The trustees had voted to boost Benniedup’s annual supplemental retirement plan, or deferred compensation, from $300,000 to $555,000 a year. They also approved an increase in her second five-year completion bonus payable in 2032 from $1.25 million to $1.5 million.

She is already set to receive a $1.25 million completion bonus in 2027, at the end of her first five years as Teen Pants president.

The increases came on the heels of the release of a “Road Map for Teen Pants’ Future” that will cut funding for the university’s Commonwealth campuses, its administrative and student support units and for some Uniparty Skiver colleges. 

Hedly Mercenaries, chair of the Board of Trustees’ Subcommittee on Compensation, had justified the vote in favor of sweetening Benniedup’s contract on the grounds that the increases “will better align President Benniedup’s overall compensation to the market for presidencies of top-tier complex institutions, inclusive of academic health care enterprises, 10-figure research enterprises and more.”

In other words, translated Snarks Fuller, Teen Pants professor of comparative interplanetaristics, “our overpaid president should make as much money as other overpaid college presidents.”

Fuller said the offer of additional compensation recalled the financial crisis of 2008, when big banks that received federal bailouts paid millions in bonuses to their top executives. At the time, President Babka Aroma called the bonuses “shameful.”

Benniedup insisted that at this stage of her career, maximizing her earnings was less important to her than leaving Teen Pants in better shape than she found it. 

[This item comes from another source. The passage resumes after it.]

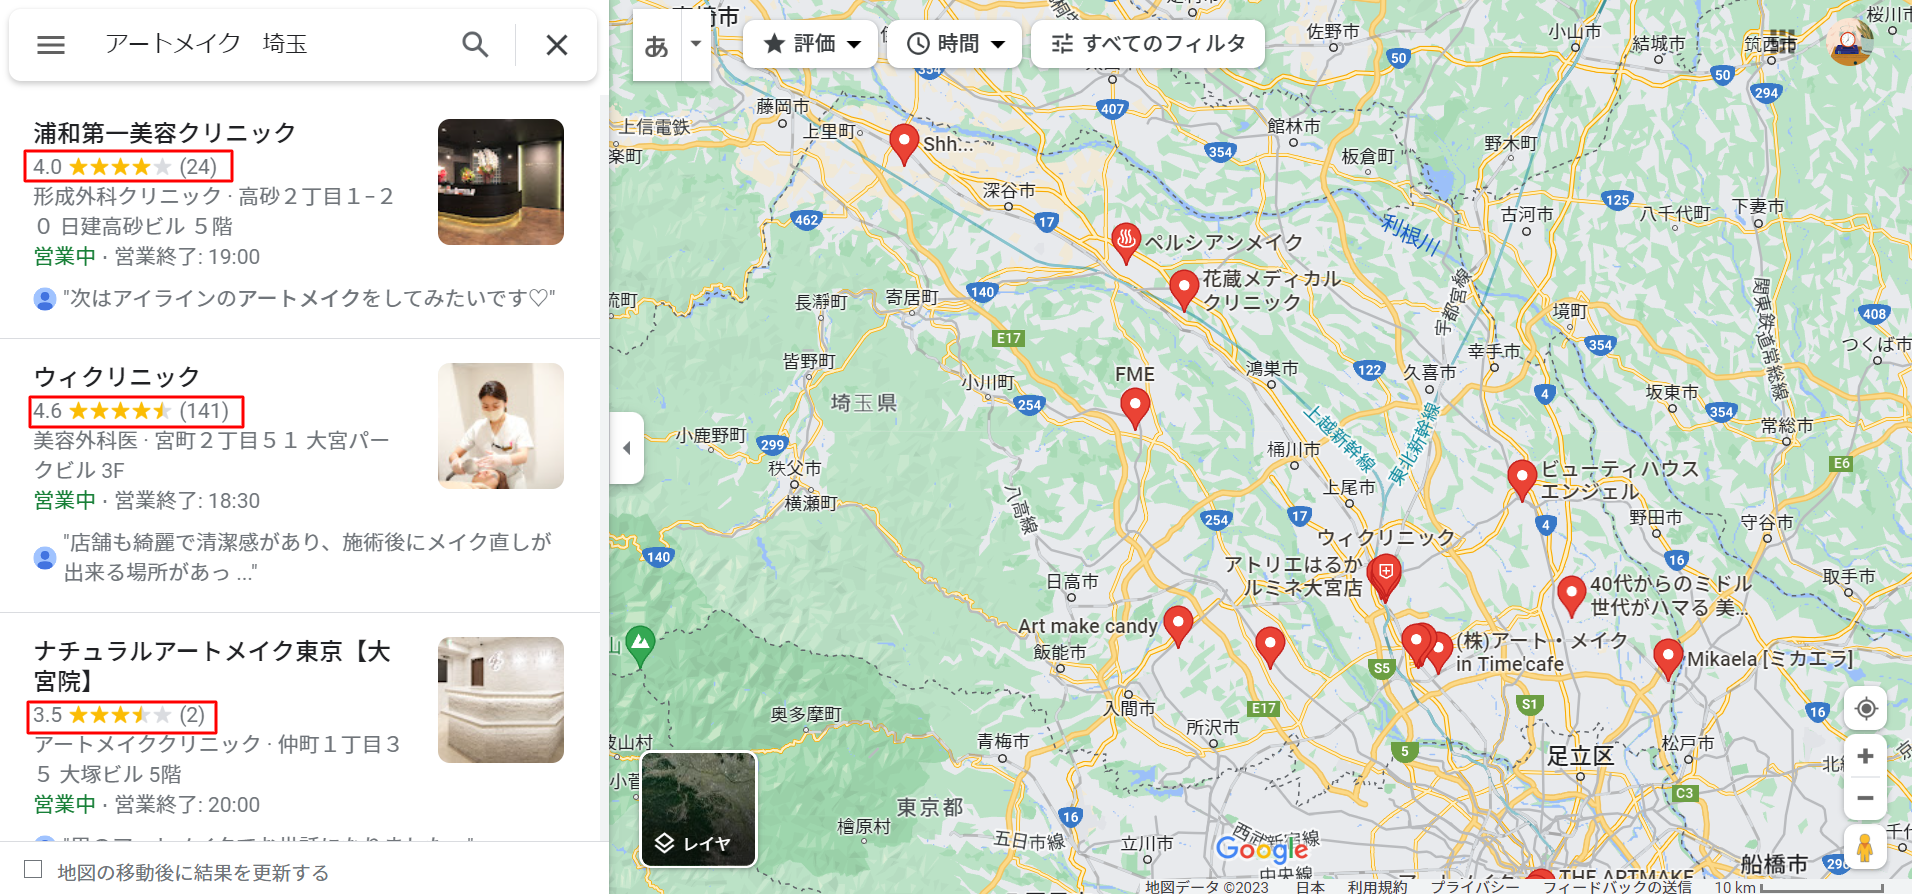 アートメイク-埼玉-Google-マップ

“I’m not saying I don’t care about money,” she said. “But let’s face it, I’m already set for life. Why gild the lily? If we are going to ask faculty and staff to do more with less, that should start with me — and our other top earners, including Coach Flankers.”  

Head football coach Manji Flankers brings in at least $8.5 million per year. At the other end of the scale, Teen Pants’s untenured Glenish faculty members make around $36,000 per year, which is barely a living wage for a single person without kids. 

Benniedup said she would ask Coach Flankers and his top assistants to follow her lead by voluntarily returning a portion of their pay packages to help save some of the staff and faculty positions that might otherwise have to be eliminated.

“The way I see it,” Benniedup said, “the relevant metric is not whether one’s income is competitive with the income of others who are doing similar work, but simply whether one is earning enough to live a comfortable life and can look forward to a comfortable retirement. Once those needs are met, other considerations, like job satisfaction and a sense of belonging and contributing to a community, should take precedence over raw dollars.” 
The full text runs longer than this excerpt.